Relationship Red Lights – Coercive Control.
Coercive control is a range of controlling and manipulative behaviours within a relationship (7). Coercive control is experienced in different ways in different class and culture contexts. Persons who were victims of coercive control described that they were constantly walking on eggshells and felt they had to ask permission if they wanted to do anything, they also felt scared of the consequences they will suffer if they do not fulfill the expectations of their partner. Coercive control can be explained as behaviour to control and dominate another person (6).
The aim of this behaviour is to make a person dependant by isolating them from family and friends, exploiting them and to deprive them of independence and to regulate their everyday behaviour (8). The abuser will control their partner with finances, they use threats and intimidation as well as emotional and psychological abuse (5).
Is coercive control illegal in Queensland?
Because of the intensive inquiries into the deaths of victims of domestic violence relationships, the laws surrounding domestic violence will get harder at the end of 2023 in Queensland. The new coercive control laws will state that a person who repeatedly subject their spouse or partner to physical, sexual, psychological, or financial abuse may face up to 7 years jail time. Law enforcement officers will be trained extensively to ensure that they can identify and investigate acts of coercive control (6).

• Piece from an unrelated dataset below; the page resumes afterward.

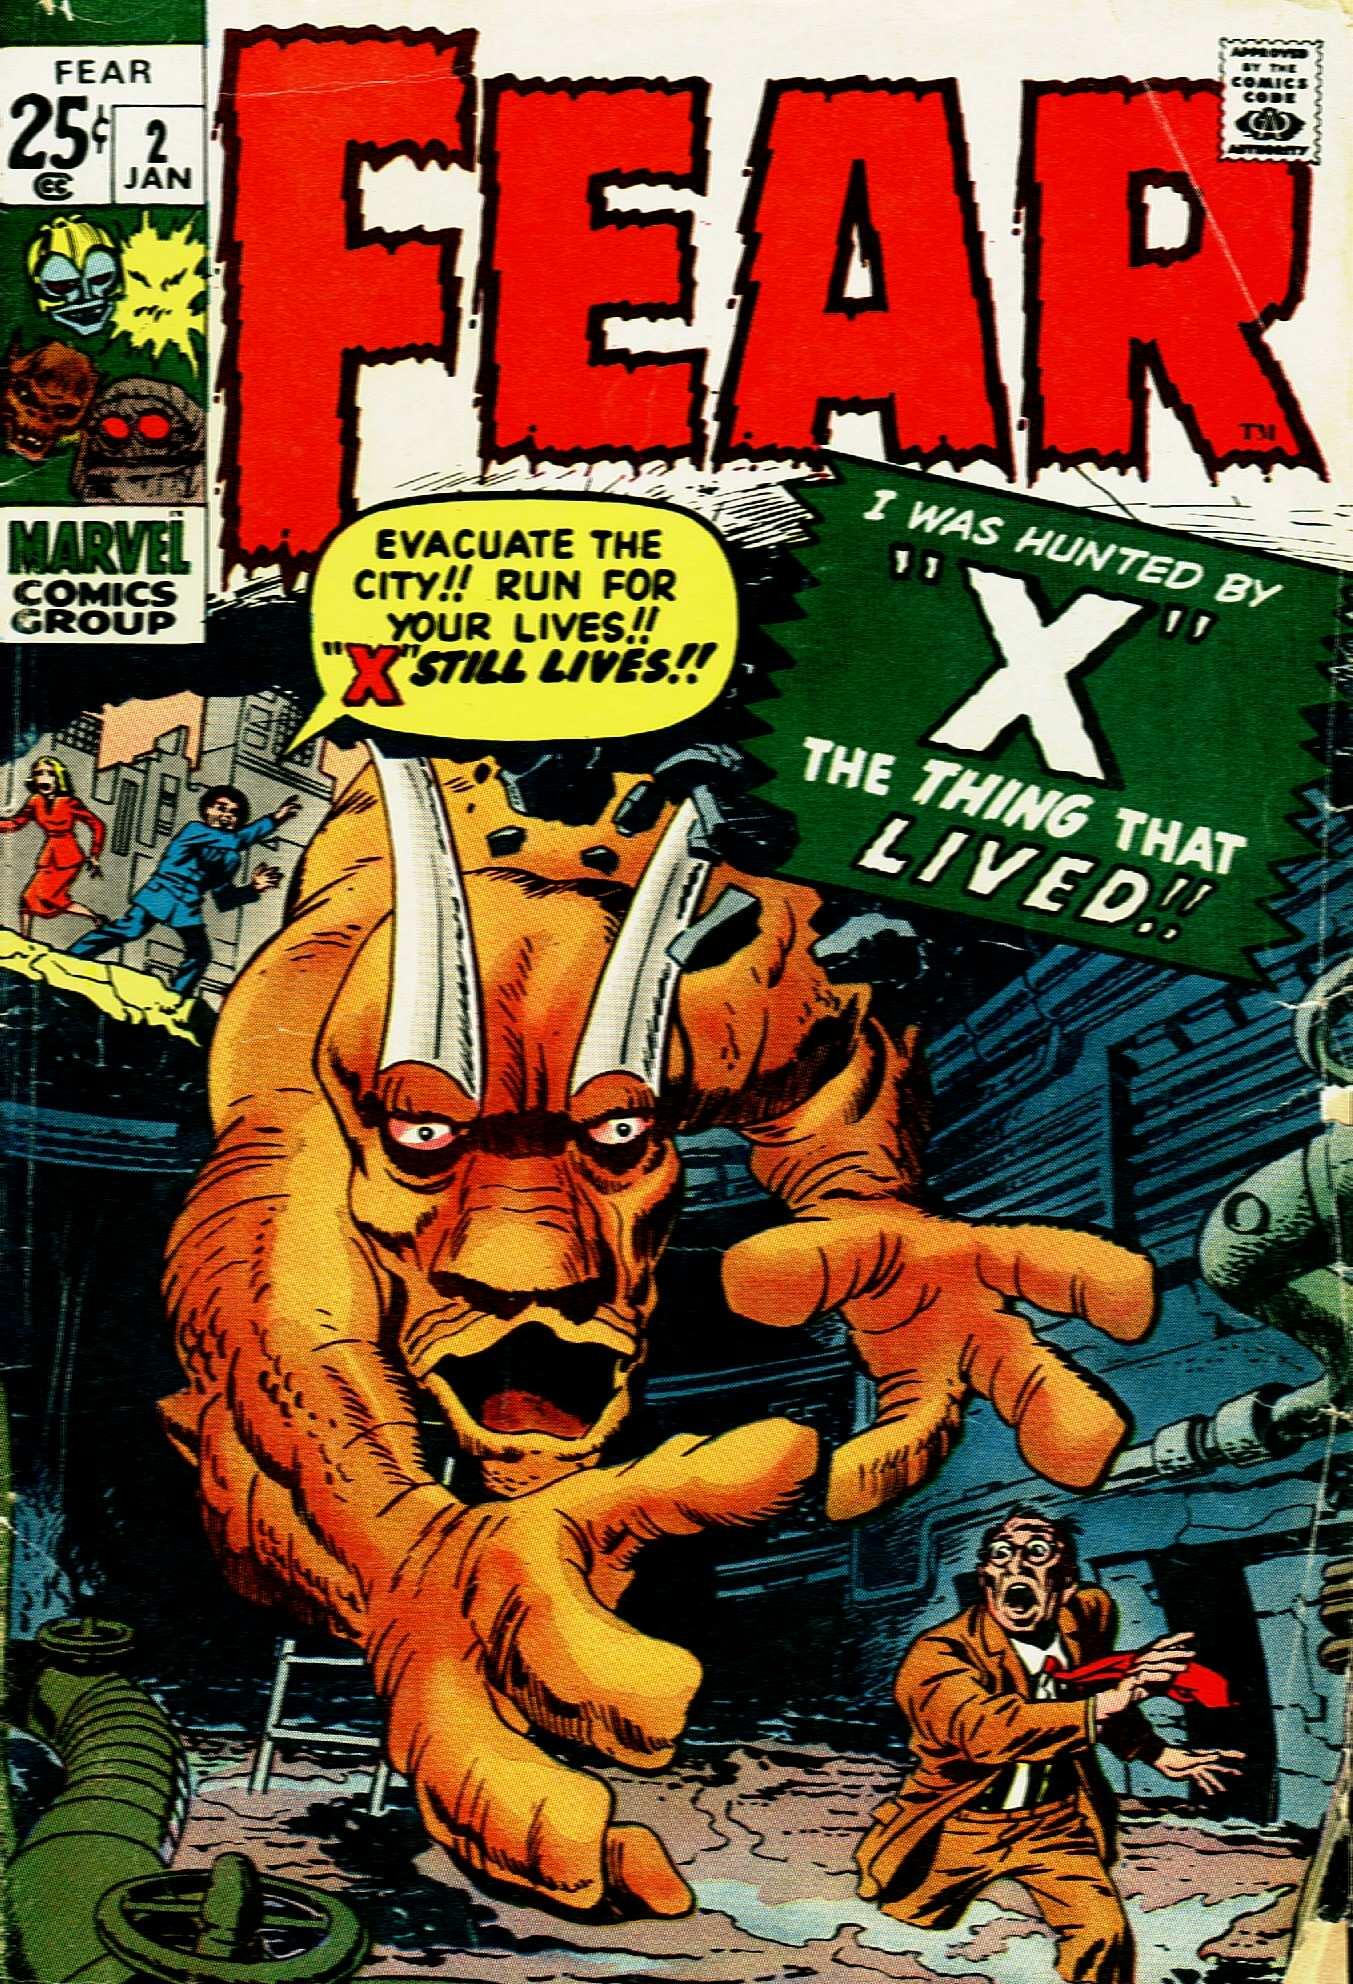 Fear 2 Page 1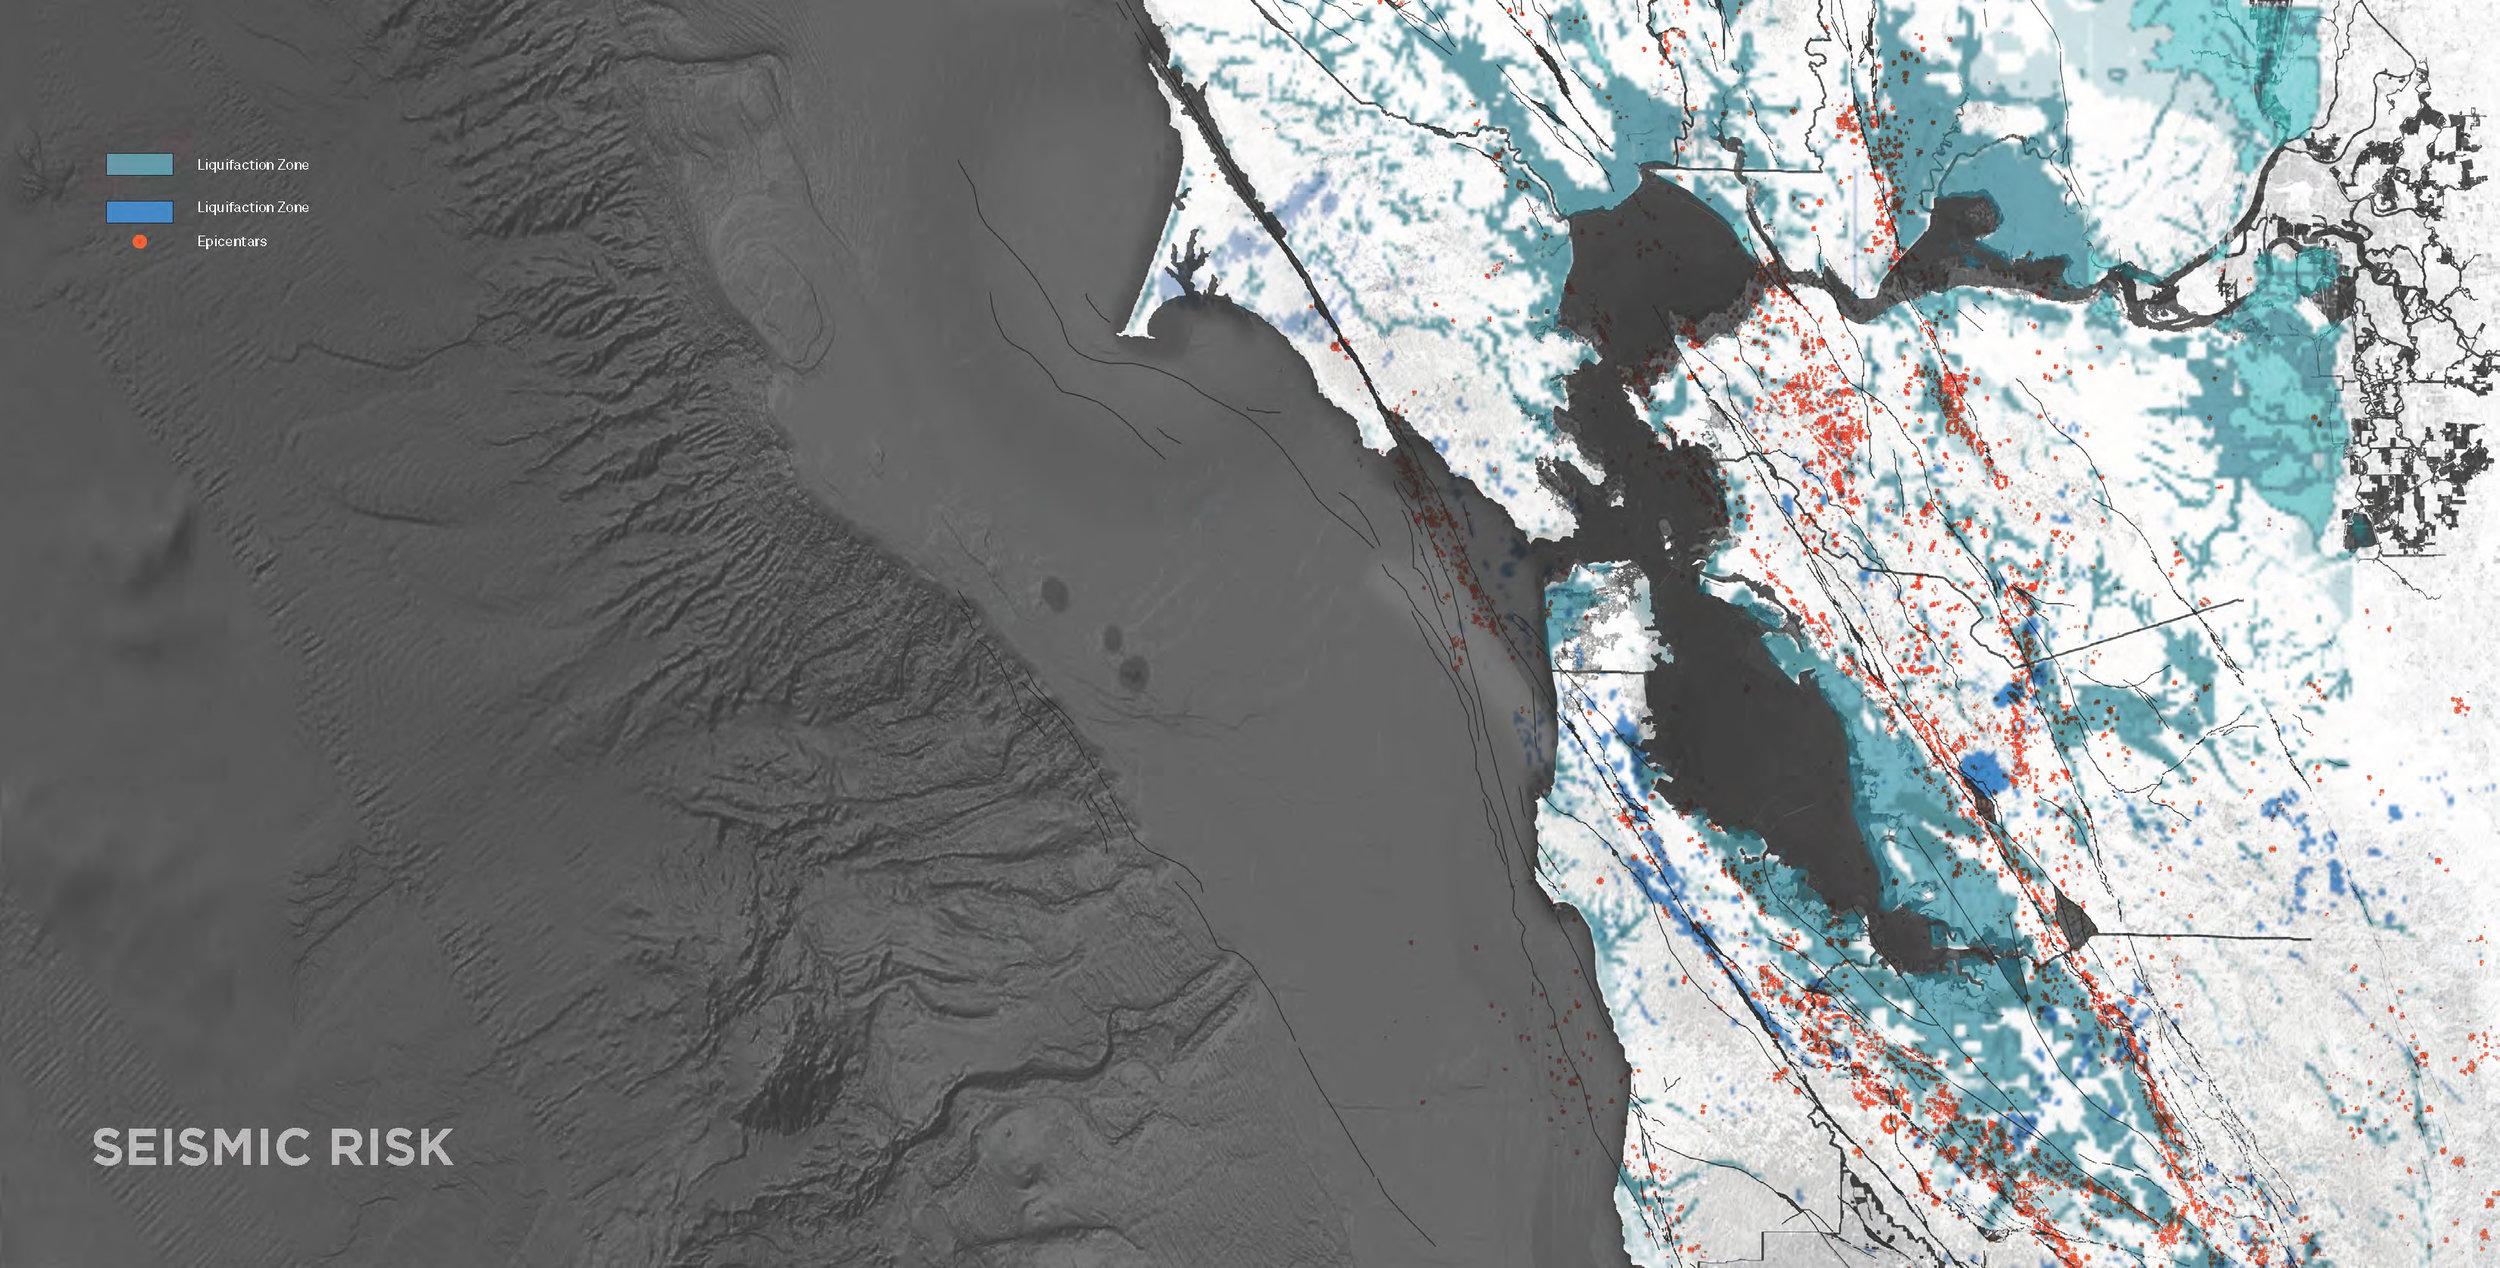 Earthquake risk mapping of bay area - SunMin Hwang, Fei Hong, Mingxi Zou

How do you know you are in a coercive relationship?
- Your partner of spouse is isolating you from your support system (family and friends).
- Your activity throughout the day is monitored, this can include your online activities and using spyware.
- Your freedom and autonomy are taken away from you.
- You experience gaslighting. Gaslighting is when a person manipulates another person over an extended period of time to let the victim question the validity of their own thoughts, reality perception and memories. The goal is to let the victim become confused, lose their self-confidence, and let them question their own mental and emotional stability (3).
- Name calling and being put down on a regular basis. Saying you are worthless and they have a problem with everything you do.
- Limited access to money (1).
- Traditional gender roles are being reinforced. Expects you to do all the housework and cooking and do not help with these activities in the home.
- Your kids are turned against you. Either to treat you badly or take part in the abuse.
- Your spouse or partner takes control, of aspects related to your body and your health. Example your hairstyle, clothes you wear and foods you eat etc.
- Making jealous accusations.
- Threatening your children and pets (4).
- Humiliating, degrading, or dehumanising you.
- Depriving you of basic needs such as food.
- Depriving you access to support services such as medical services (8).
What personality type uses coercive control?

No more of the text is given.